**What you are asked to do**
Copy the data below exactly, omitting any picture it contains.

**Input data**
*** Block opens ***

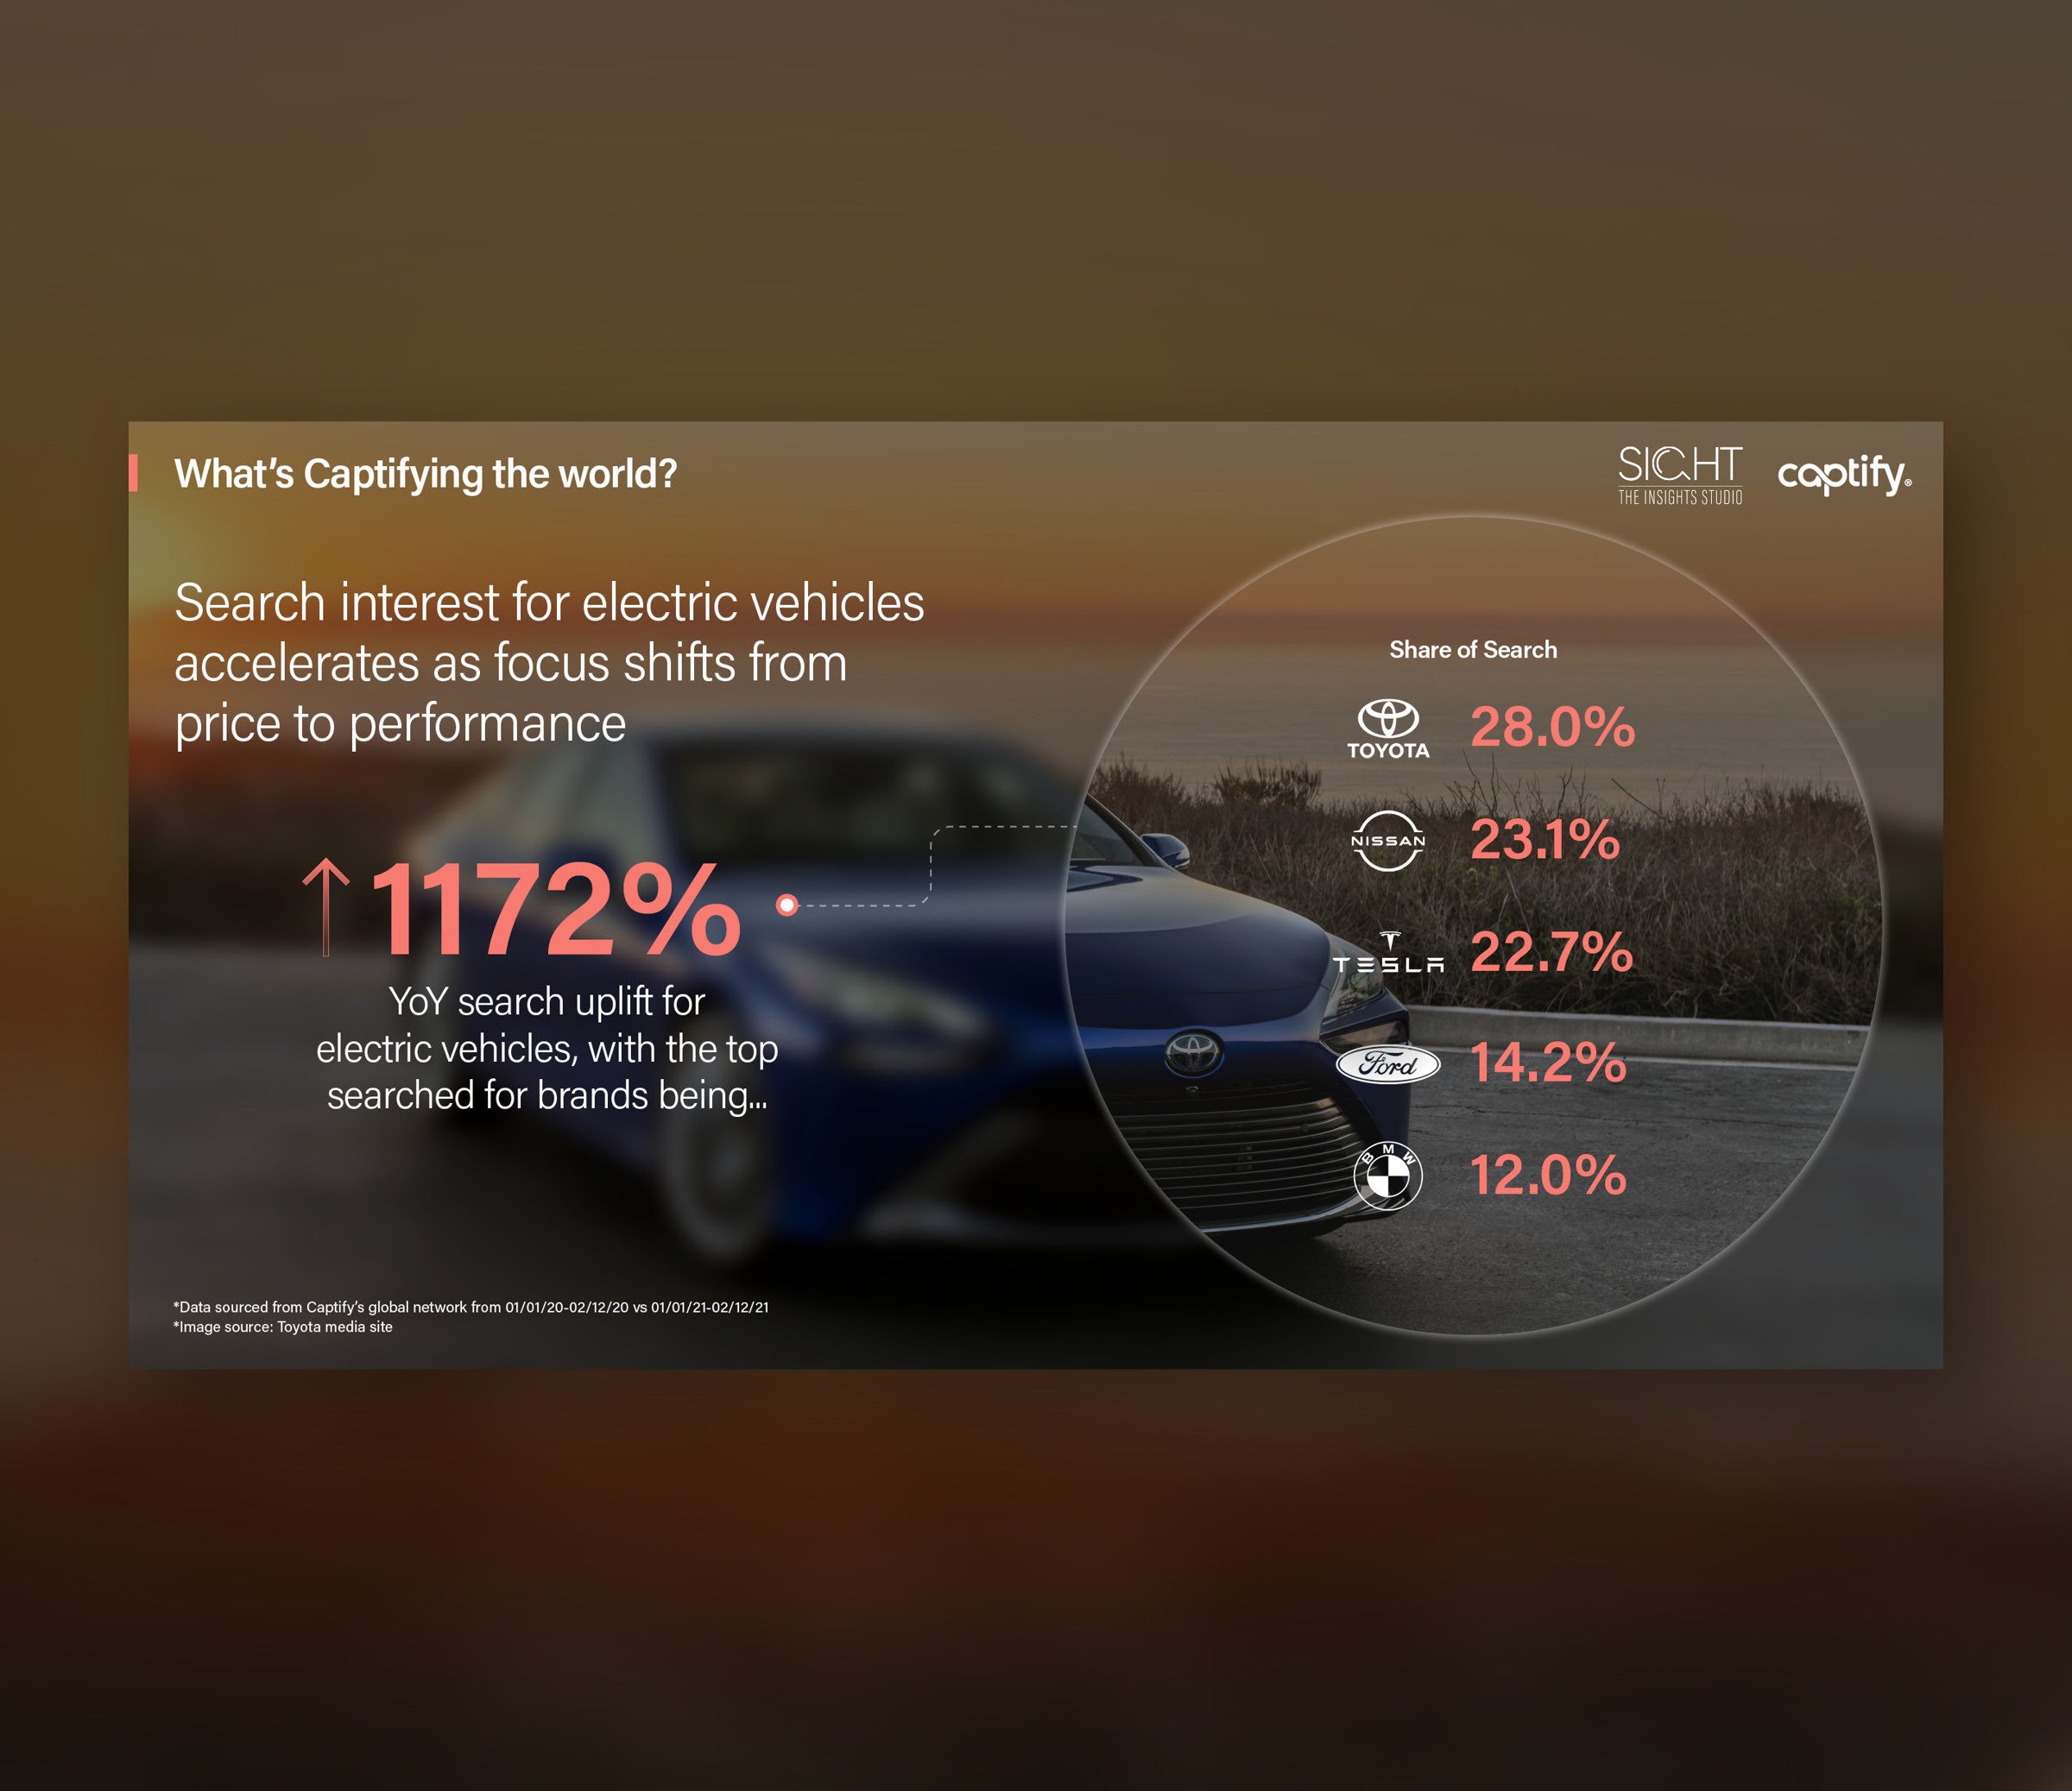 What’s Captifying the world: New launch announcements in Q1 accelerate search interest for electric vehicles, with focus shifting from price to performance
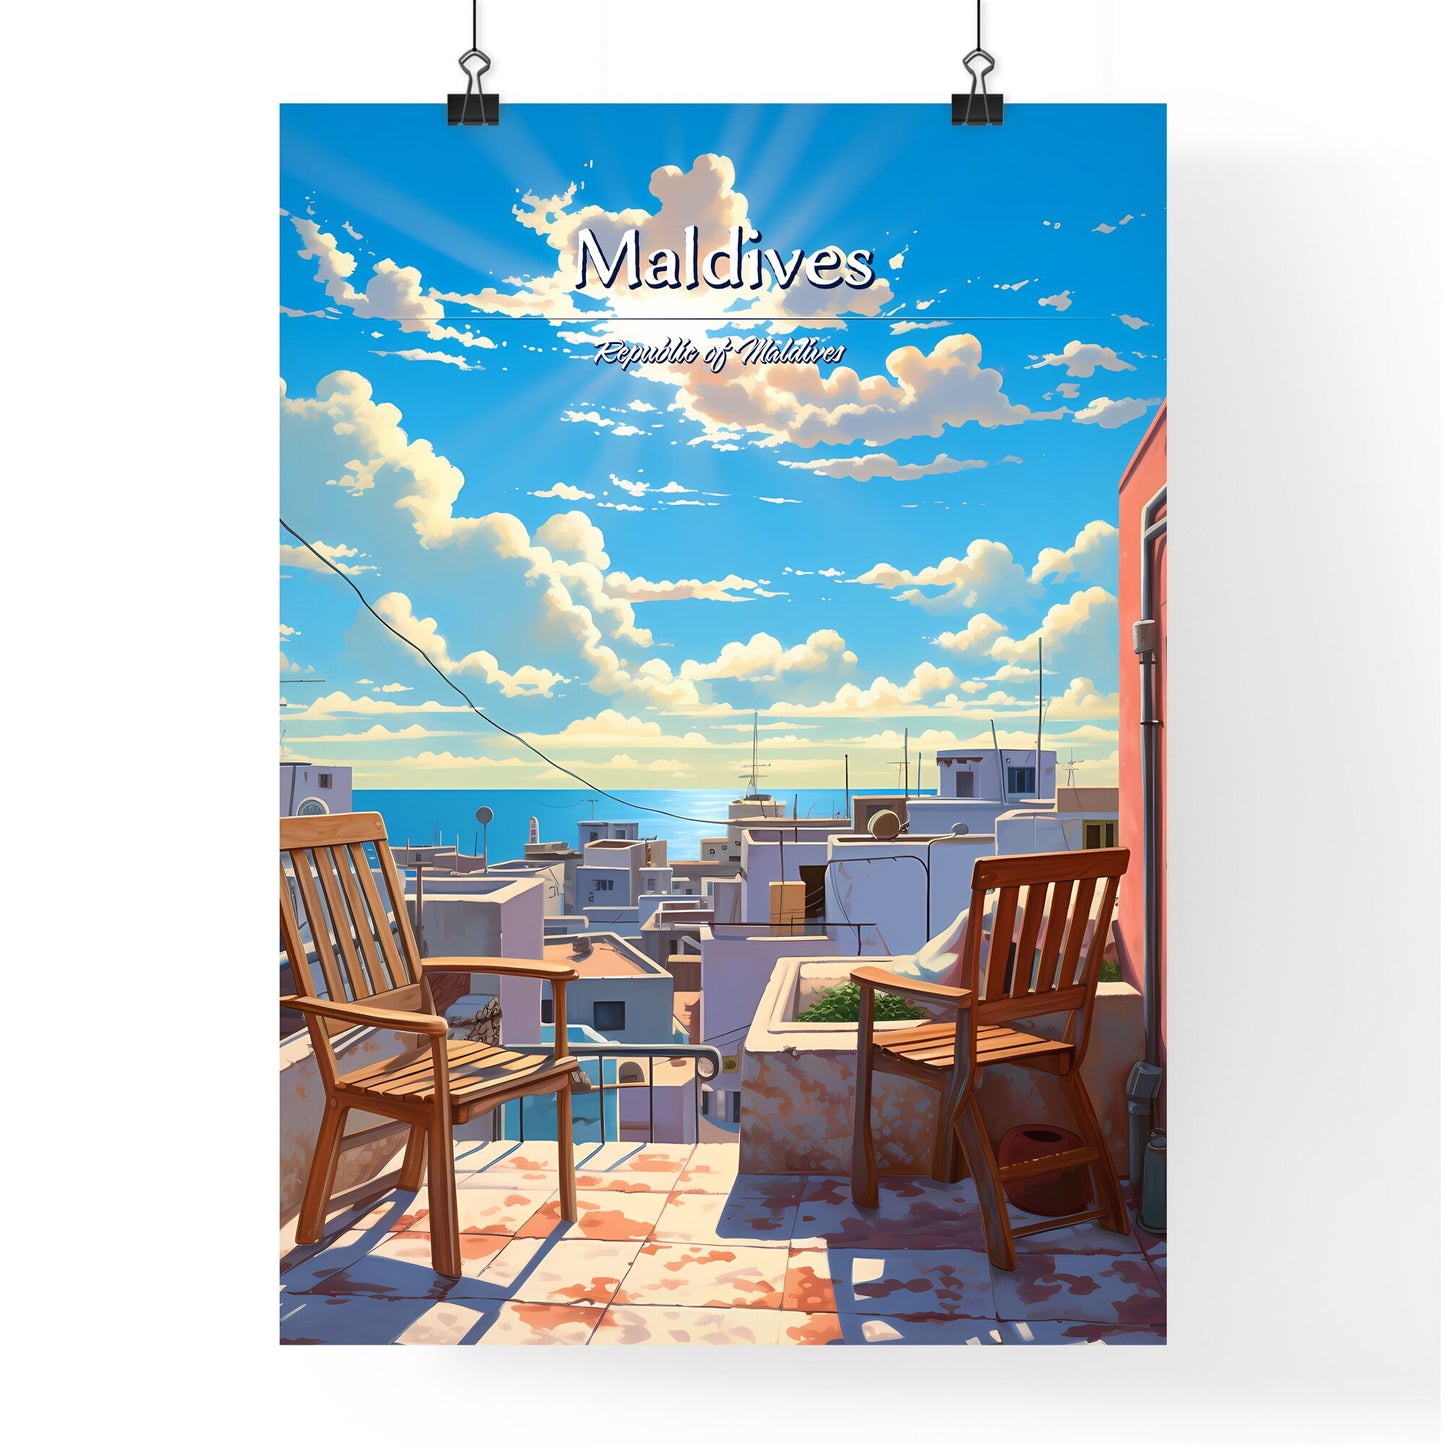 On the roofs of Maldives, Republic of Maldives - Art print of a two chairs on a rooftop overlooking a city Default Title
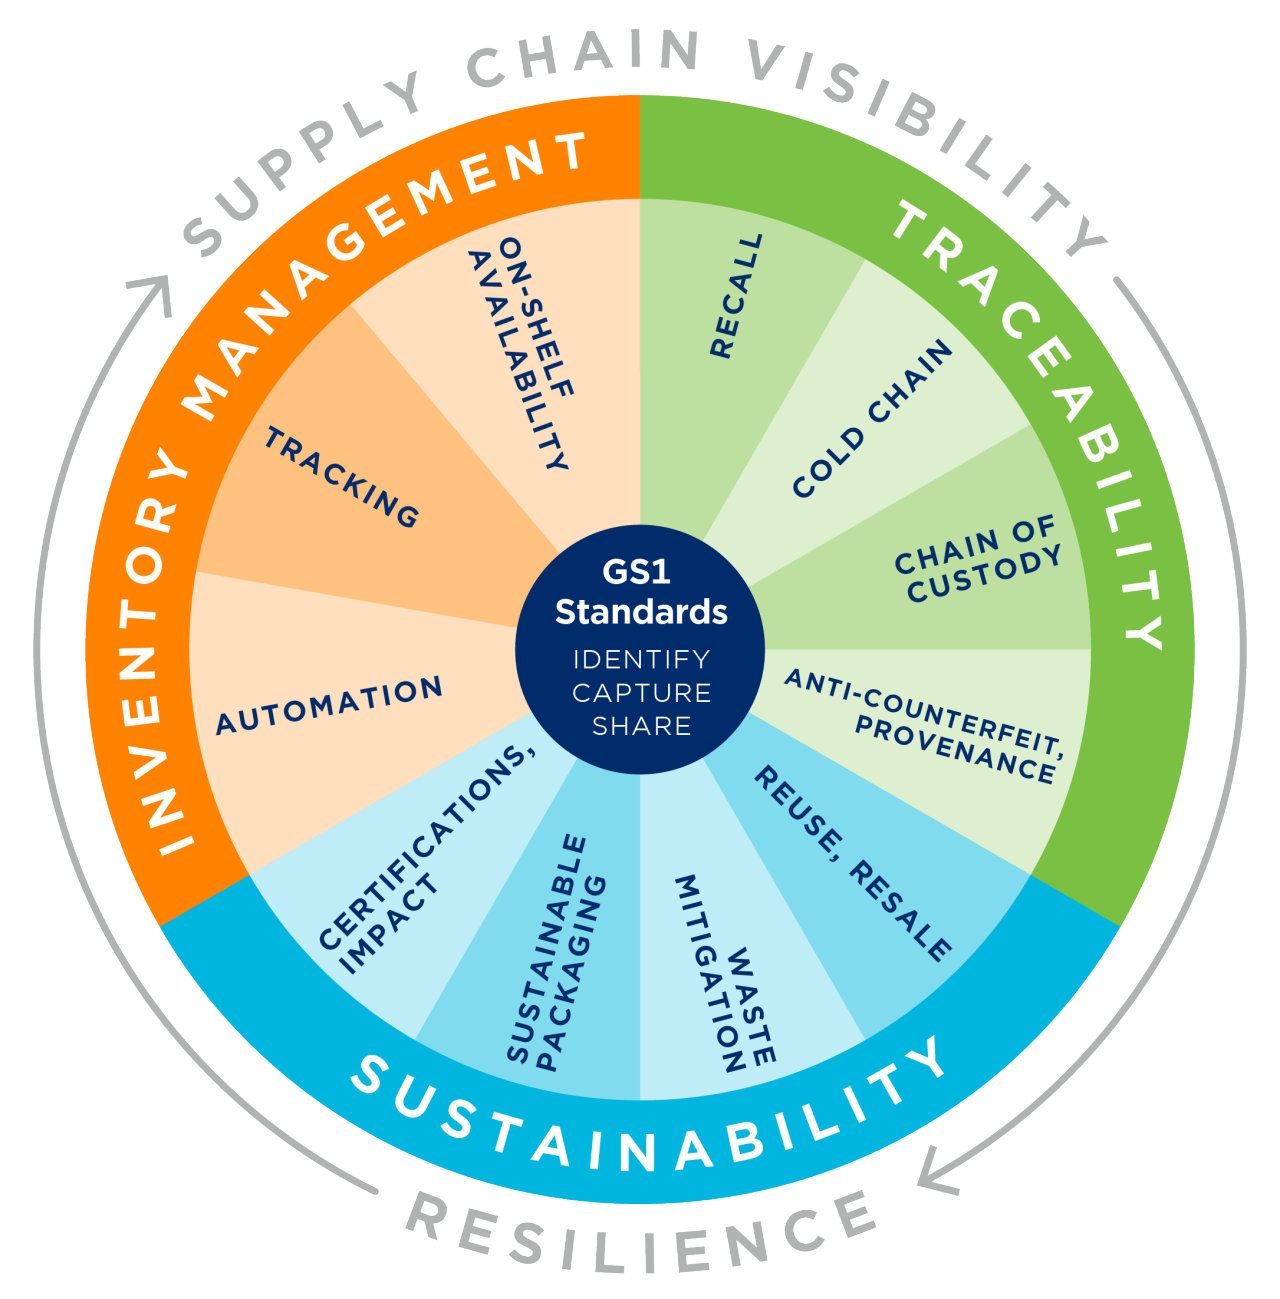 Understanding the Full Supply Chain Picture
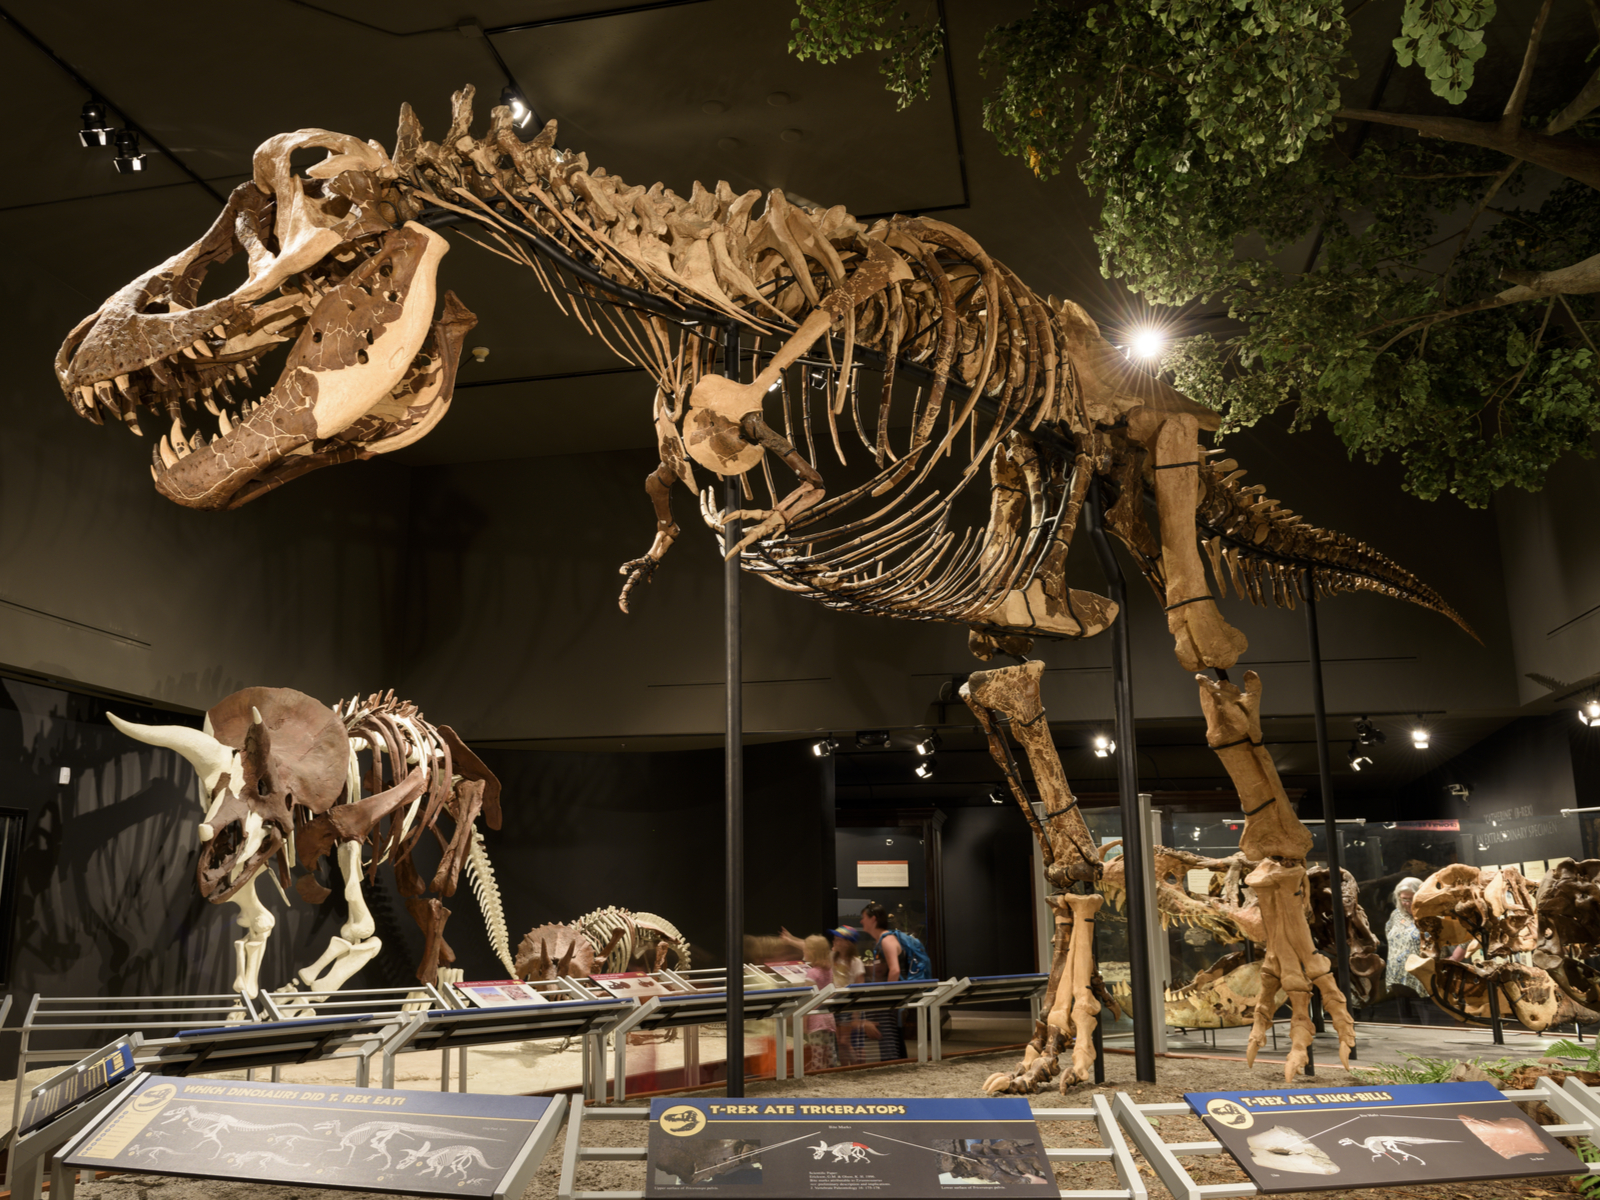 Trex at one of the best places to visit in Motnana, The Museum of the Rockies

*** Block closes ***

**Output of the task**
 What’s Captifying the world: New launch announcements in Q1 accelerate search interest for electric vehicles, with focus shifting from price to performance
 On the roofs of Maldives, Republic of Maldives - Art print of a two chairs on a rooftop overlooking a city Default Title
 Understanding the Full Supply Chain Picture
 Trex at one of the best places to visit in Motnana, The Museum of the Rockies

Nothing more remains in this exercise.